Poirot se volvió hacia Japp con aire inquisitivo.
—No estoy de acuerdo. Alejarse de inmediato..., esa es la única oportunidad. Habría tenido tiempo de sobra para prepararlo todo de antemano. Tendría un yate esperándome, con vapor listo, ¡y me marcharía a uno de los rincones más apartados del mundo antes de que comenzara la persecución!
Ambos miramos a Poirot.
—¿Y usted qué opina, monsieur?
Durante un momento guardó silencio. Luego, una sonrisa muy curiosa cruzó fugazmente su rostro.
—Amigos míos, si yo tuviera que esconderme de la policía, ¿saben dónde me escondería? ¡En una prisión!
—¿Qué?
—Ustedes buscan al señor Davenheim para meterlo en prisión, ¡así que ni siquiera se les ocurre comprobar si no está ya allí!
—¿Qué quiere decir?
—Usted me dice que la señora Davenheim no es una mujer muy inteligente. Sin embargo, creo que, si la llevaran a Bow Street y la enfrentaran al hombre Billy Kellett, ¡lo reconocería!, a pesar de que se ha afeitado la barba y el bigote, se ha recortado esas cejas pobladas y se ha cortado el pelo bien corto. ¡Una mujer casi siempre reconoce a su marido, aunque el resto del mundo pueda ser engañado!
—¿Billy Kellett? ¡Pero la policía ya lo conoce!
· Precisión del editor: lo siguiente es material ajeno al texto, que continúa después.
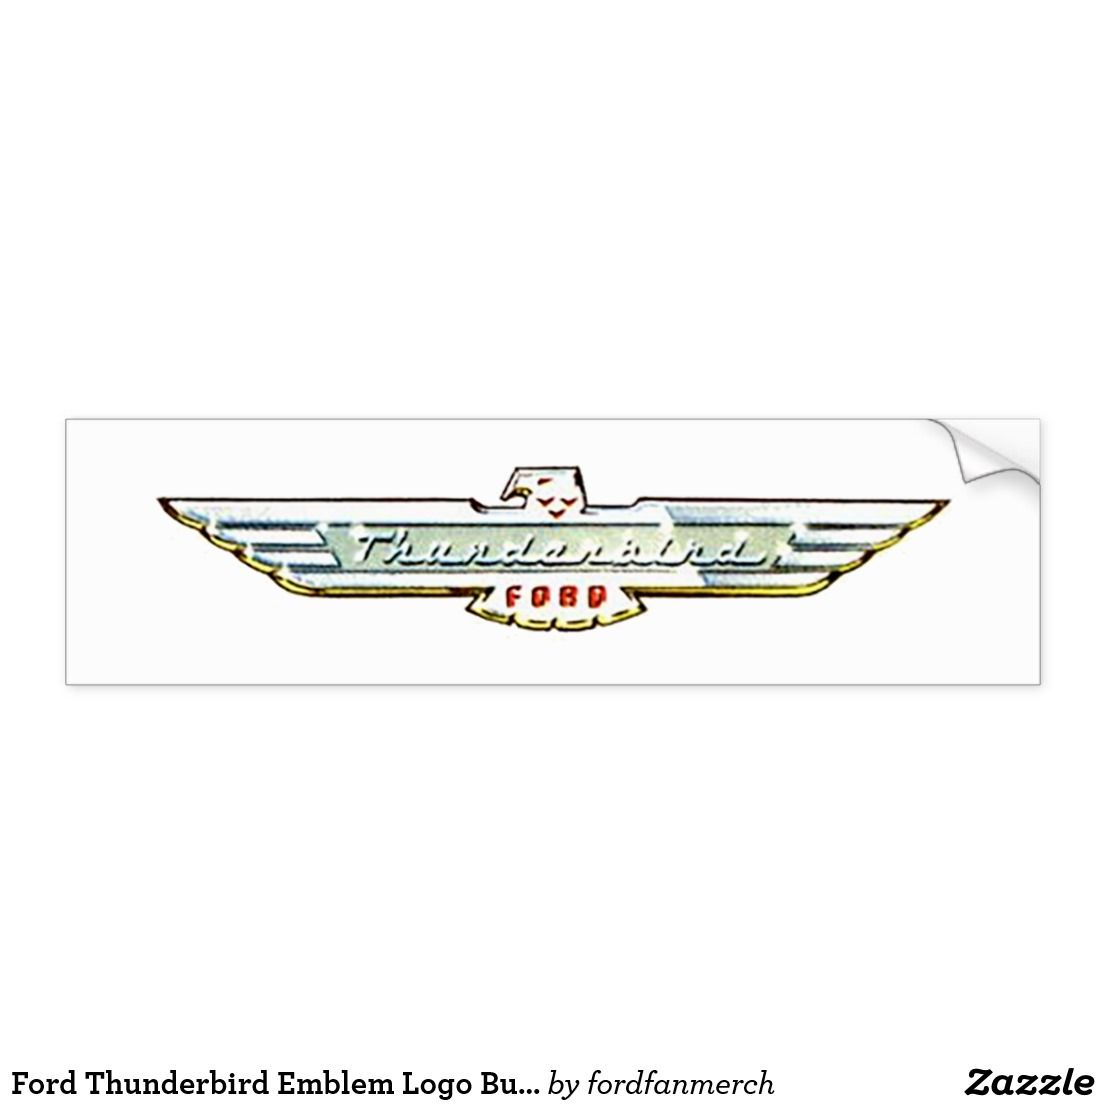 Ford Thunderbird Emblem Logo Bumper Sticker Zazzle Mrtbird Thunderbird Fordclassiccars 1950s Classiccars G Bumper Stickers Emblem Logo Ford Classic Cars [ 1106 x 1106 Pixel ]
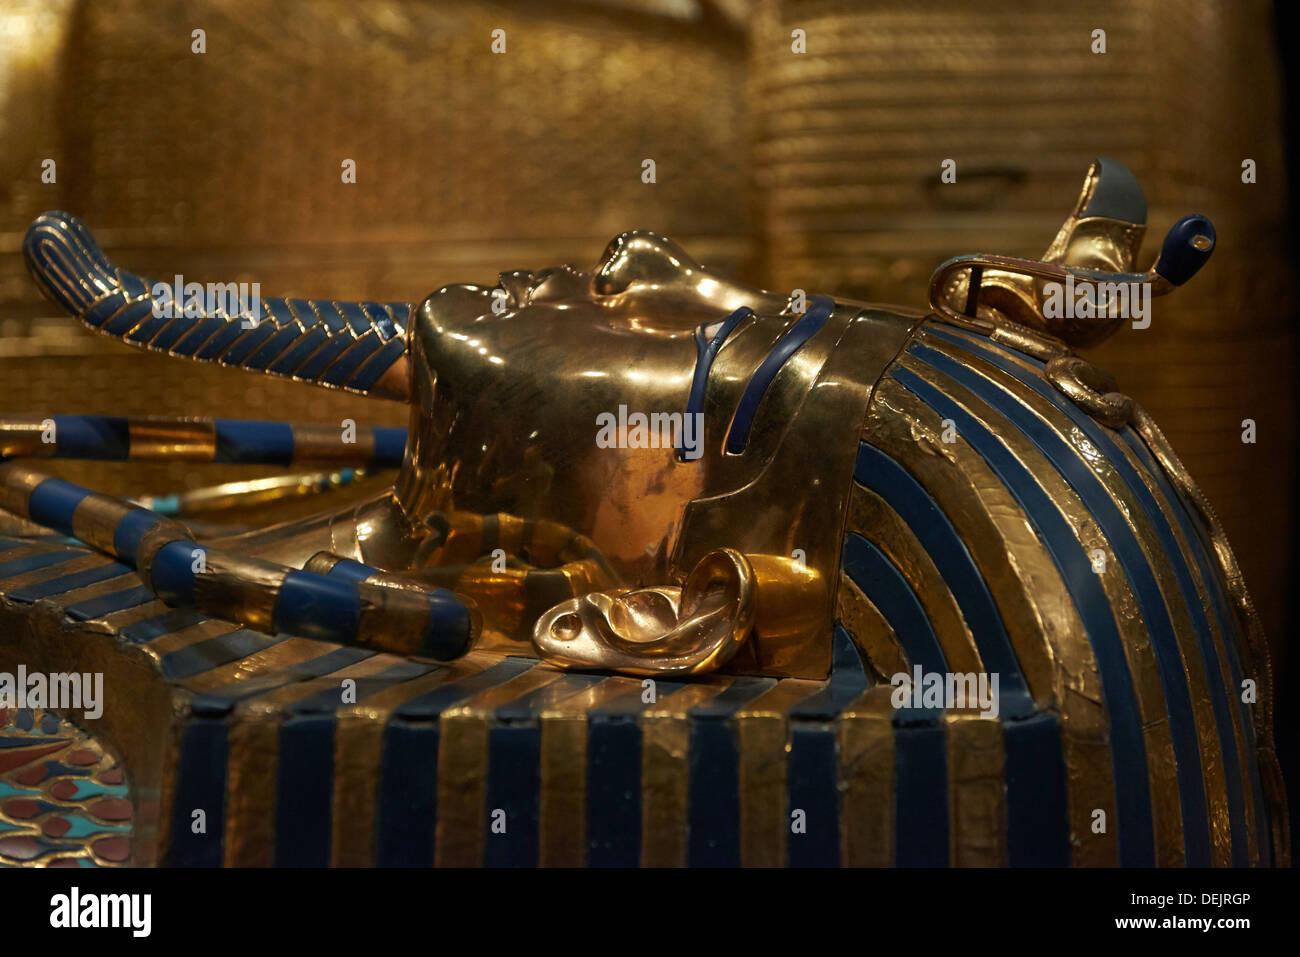 Tutankhamun King Tut Tomb Treasures Stock Photos ... |King Tut And His Treasures

—¿No les dije que Davenheim era un hombre inteligente? Preparó su coartada con mucha antelación. No estuvo en Buenos Aires el otoño pasado; estaba creando el personaje de Billy Kellett, «cumpliendo tres meses», para que la policía no sospechara cuando llegara el momento. Se estaba jugando, recuerden, una gran fortuna, así como su libertad. Valía la pena hacer las cosas bien. Solo...
—¿Sí?
—Eh bien, después tuvo que ponerse una barba postiza y una peluca; tuvo que maquillarse para volver a parecer él mismo, y dormir con una barba postiza no es nada fácil: ¡invita a que lo descubran! No podía arriesgarse a seguir compartiendo el dormitorio con madame, su esposa. Usted averiguó para mí que, durante los últimos seis meses, o sea, desde su supuesto regreso de Buenos Aires, él y la señora Davenheim ocupaban habitaciones separadas. ¡Entonces estuve seguro! Todo encajaba. El jardinero que creyó ver a su amo rodeando la casa por un lado tenía toda la razón. Fue al cobertizo de las barcas, se puso su ropa de «vagabundo», que puede estar seguro de que había mantenido bien escondida de la vista de su ayuda de cámara, arrojó las otras prendas al lago y procedió a llevar a cabo su plan: empeñó el anillo de manera evidente y luego agredió a un policía, consiguiendo que lo llevaran sano y salvo al refugio de Bow Street, donde a nadie se le ocurriría jamás buscarlo.
—Es imposible —murmuró Japp.
—Pregúntele a la señora Davenheim —dijo mi amigo con una sonrisa.
Al día siguiente, una carta certificada yacía junto al plato de Poirot. La abrió y un billete de cinco libras se deslizó de su interior. La frente de mi amigo se frunció.
—¡Ah, sacré! Pero, ¿qué haré con ello? ¡Siento unos remordimientos terribles! ¡Ese pobre Japp! ¡Ah, ya sé! ¡Los tres tendremos una pequeña cena! Eso me consuela. Realmente fue demasiado fácil. Estoy avergonzado. Yo, que no le robaría a un niño... ¡mille tonnerres! Mon ami, ¿qué le pasa, que se ríe tanto?